The net cash used in operating activities was $302,117 during the three months
ended October 31, 2009 compared to net cash used in operating activities of
$68,096 during the three months ended October 31, 2008. The principal elements
that gave rise to the increase of net cash used in operating activities were
primarily the result of increased net losses for the period.

Cash used by investing activities during the three months ended October 31, 2009
was $89,492. The cash investing activities was the result of the funding of the
deferred compensation investment account and additional patent expenditures.

Management believes that current cash balances plus cash flow from operations
will be sufficient to fund our capital and liquidity needs until approximately
February 2010.


Item 3. Quantitative and Qualitative Disclosures About Market Risk.

Interest Rate Risk

     The Company's interest income is sensitive to fluctuations in the general
level of U.S. interest rates.
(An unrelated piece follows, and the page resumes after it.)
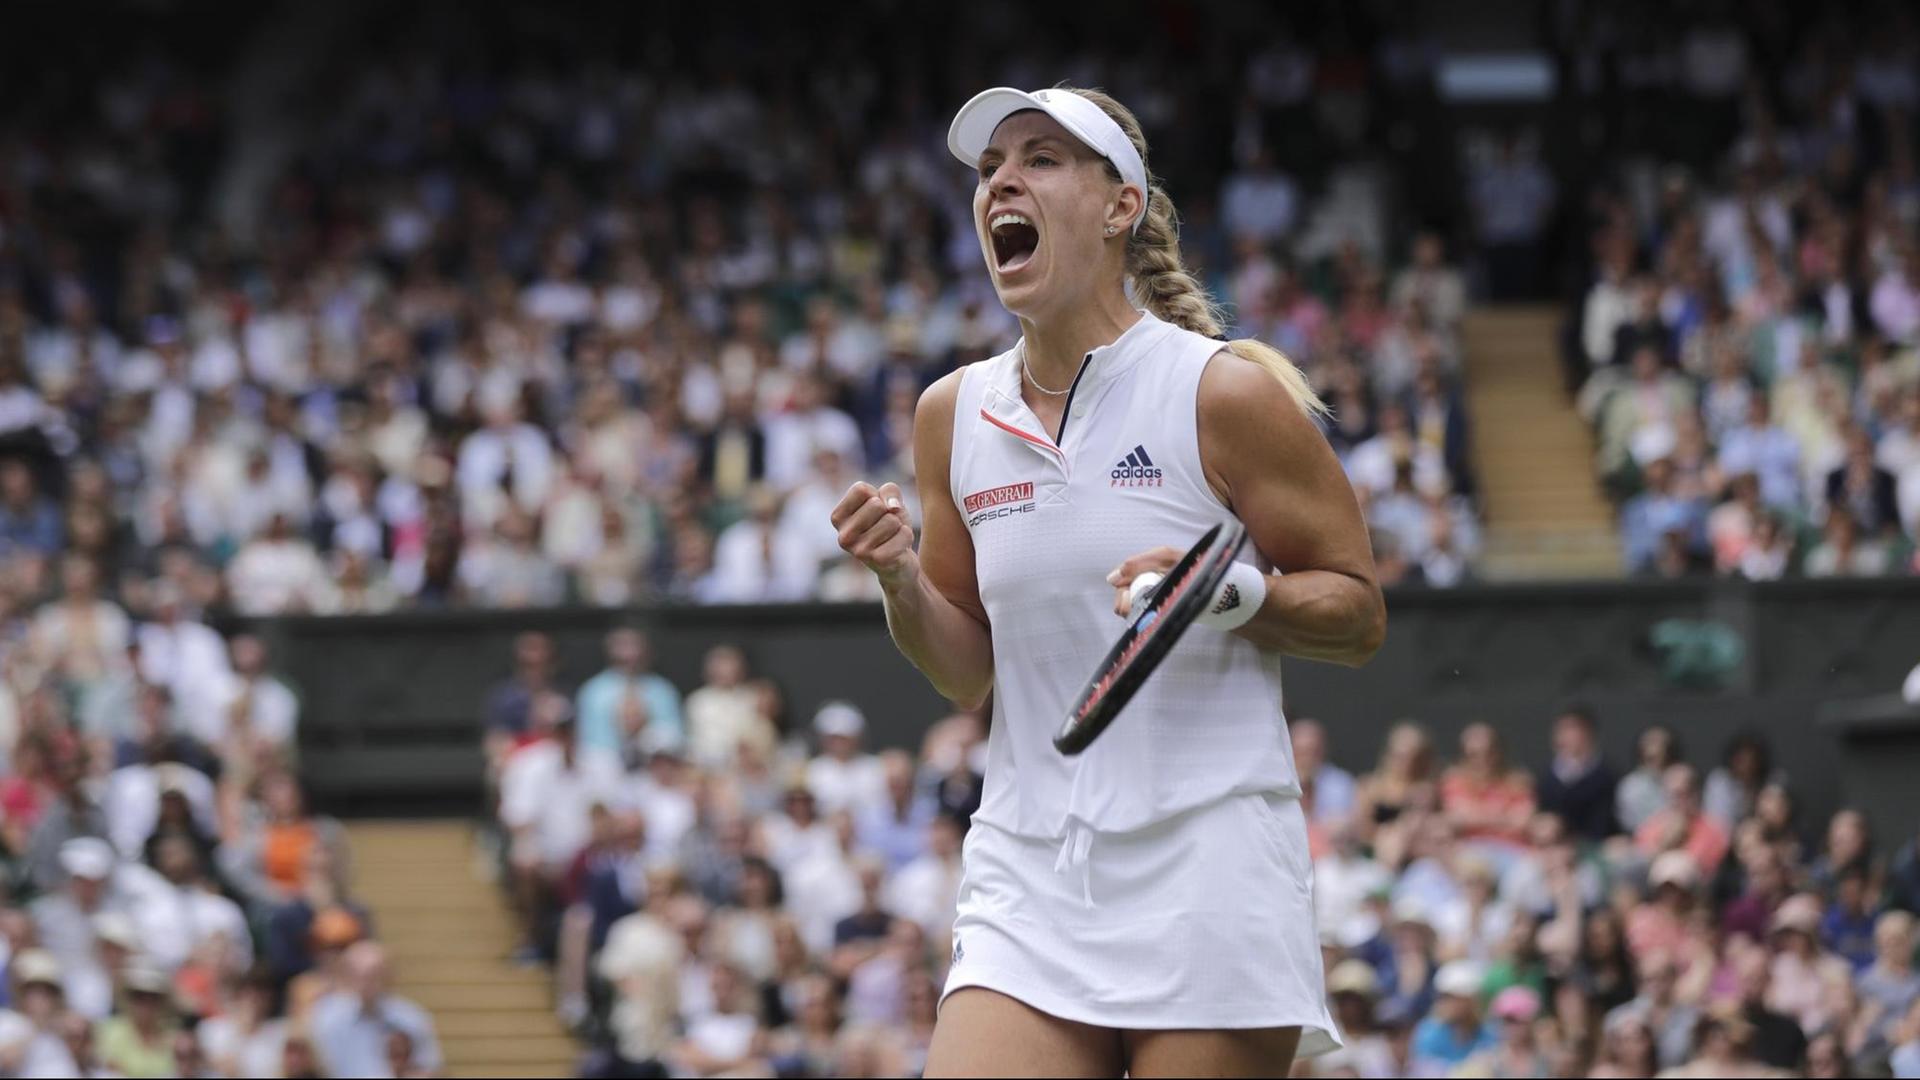 Das Bild zeigt die deutsche Tennisspielerin Angelique Kerber. Sie freut sich über ihr erfolgreiches Viertelfinale gegen die Russin Daria Kasatkina in Wimbledon.

As such, changes in U.S. interest rates affect the
interest earned on the Company's cash, cash equivalents, and short-term
investments.

Item 4T. Controls and Procedures.

     An evaluation was conducted under the supervision and with the
participation of the Company's Management, including Thomas V. Geimer, the
Company's Chief Executive Officer ("CEO") and Chief Financial Officer ("CFO"),
of the effectiveness of the design and operation of the Company's disclosure
controls and procedures as defined in Rules 13a-15(e) and 15d-15(e) under the
Securities Exchange Act of 1934, as amended ("Exchange Act"). Based on that
evaluation, Mr. Geimer concluded that as of October 31, 2009, the Company's
disclosure controls and procedures were effective as of such date to ensure that
information required to be disclosed in the reports that it files or submits
under the Securities Exchange Act of 1934, as amended, is recorded, processed,
summarized and reported within the time periods specified in SEC rules and
forms. Mr. Geimer also confirmed that there was no change in the Company's
internal control over financial reporting during the quarter ended October 31,
2009.

                                       14


                           PART II--OTHER INFORMATION


Item 1. Legal Proceedings.

Not Applicable.

Item 1A. Risk Factors.

     There have been no material changes to the Risk Factors discussed in our
Annual Report on Form 10-K for the fiscal year ended July 31, 2009 filed with
the Securities and Exchange Commission on November 13, 2009 and investors are
encouraged to review those risk factors in detail before making any investment
in the Company's securities.

Item 2. Unregistered Sales of Equity Securities and Use of Proceeds.

Not Applicable.

Item 3. Defaults Upon Senior Securities.

Not applicable.

Item 4. Submission of Matters to a Vote of Security Holders.

Not applicable.

Item 5. Other Information.

None.

Item 6. Exhibits.

Exhibit No.    Description
-----------    -----------

31.1           Certification of Officer Pursuant to Section 302 of the
               Sarbanes-Oxley Act of 2002.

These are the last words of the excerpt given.